## PROBLEM STATEMENT
Give an exact copy of the data that follows, but none of its pictures.

## DATASET EXCERPT
::::

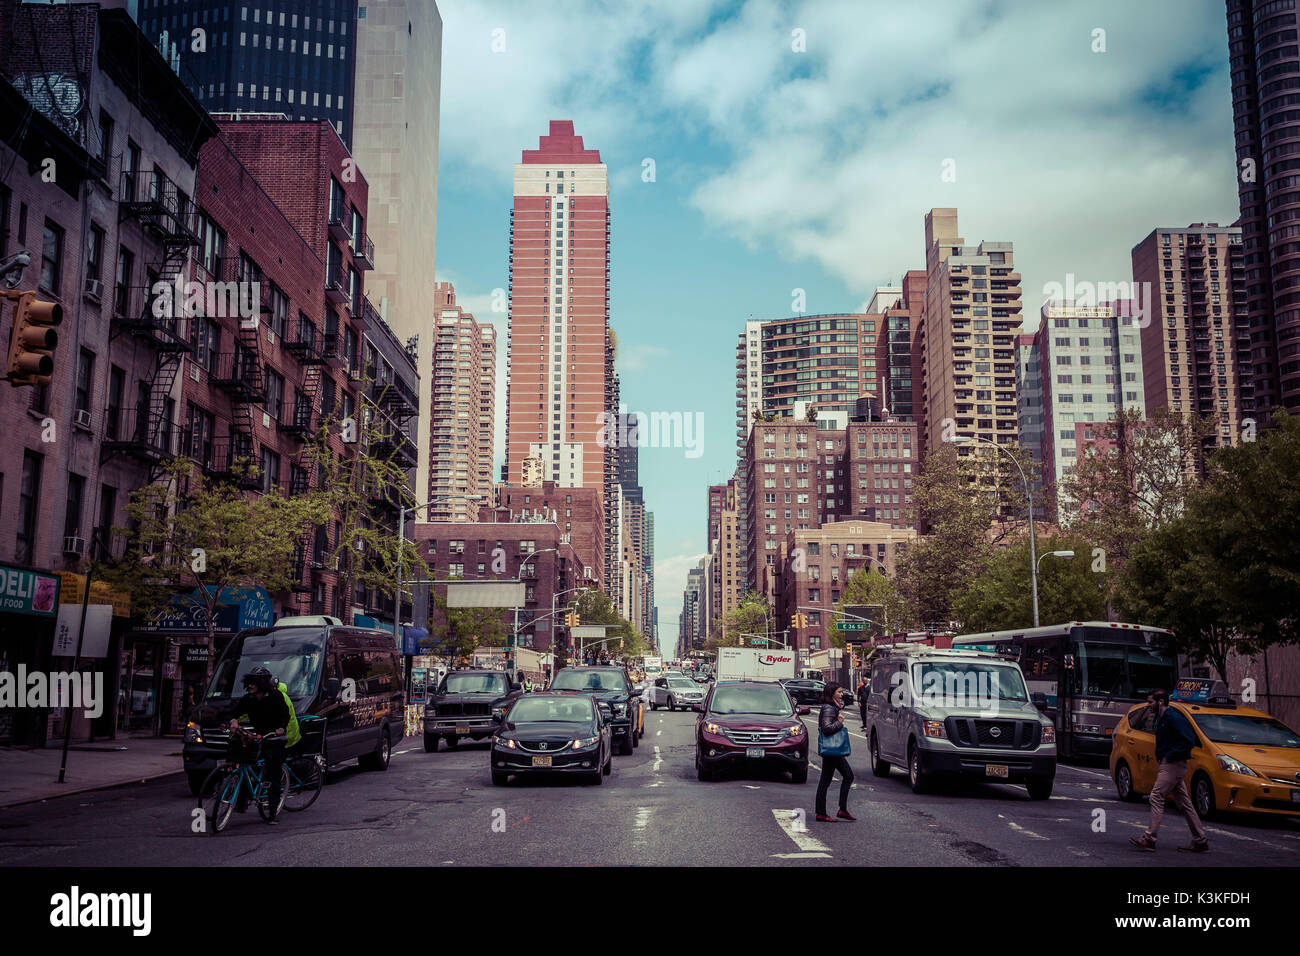 Streetview with traffic in Manhatten, New York, USA Stock Photo
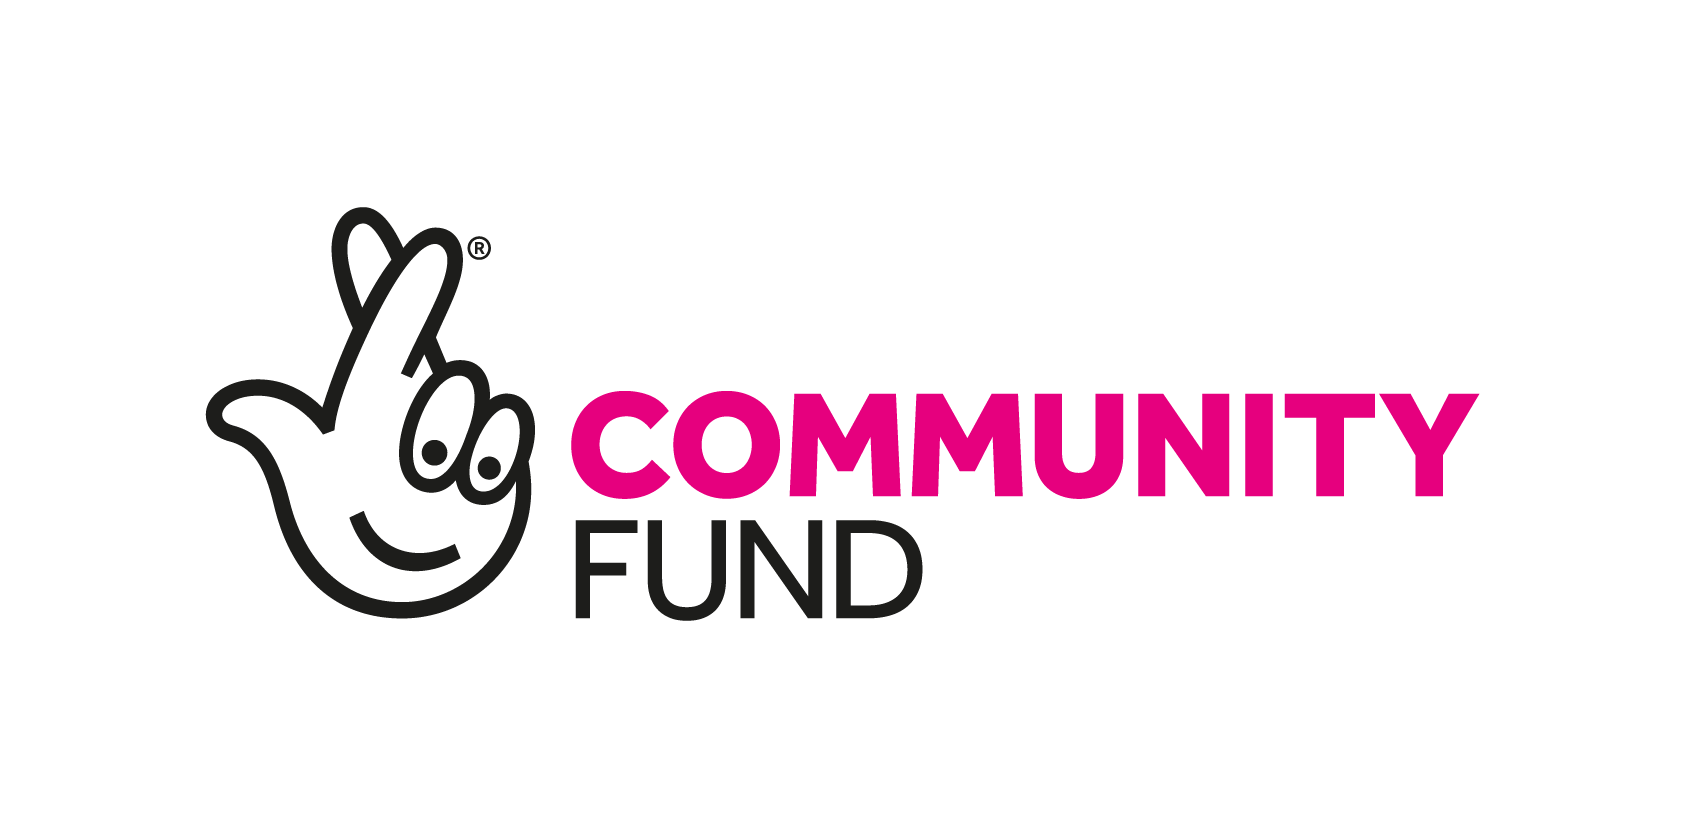 The National Lottery Community Fund logo
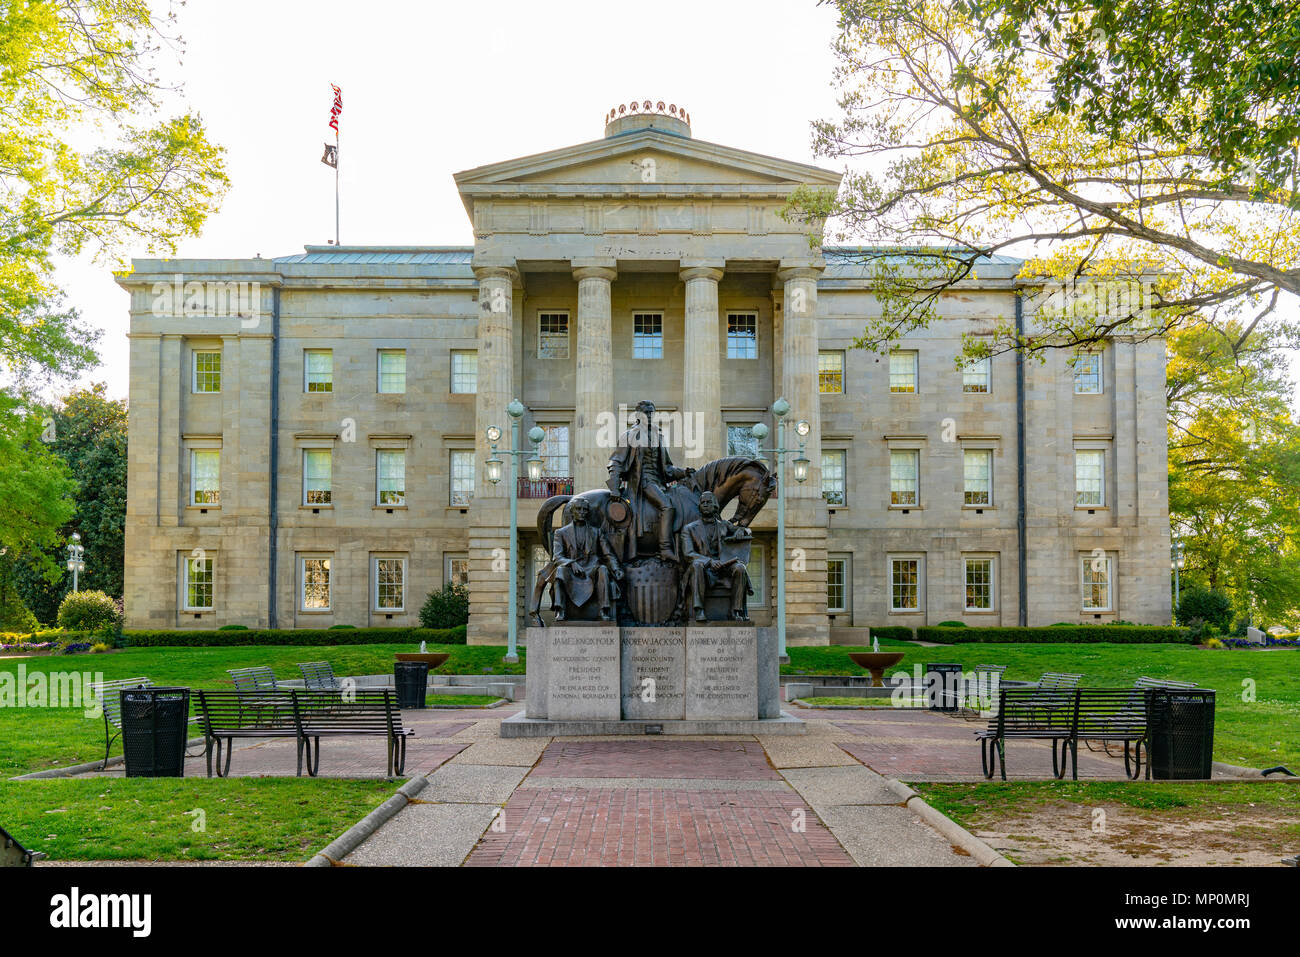 RALEIGH, NC - APRIL 17, 2018: Statue commemorating Presidents James Polk, Andrew Jackson and Andrew Johnson at the North Carolina Capitol Building in  Stock Photo

::::

## PROBLEM SOLUTION
 Streetview with traffic in Manhatten, New York, USA Stock Photo
 The National Lottery Community Fund logo
 RALEIGH, NC - APRIL 17, 2018: Statue commemorating Presidents James Polk, Andrew Jackson and Andrew Johnson at the North Carolina Capitol Building in  Stock Photo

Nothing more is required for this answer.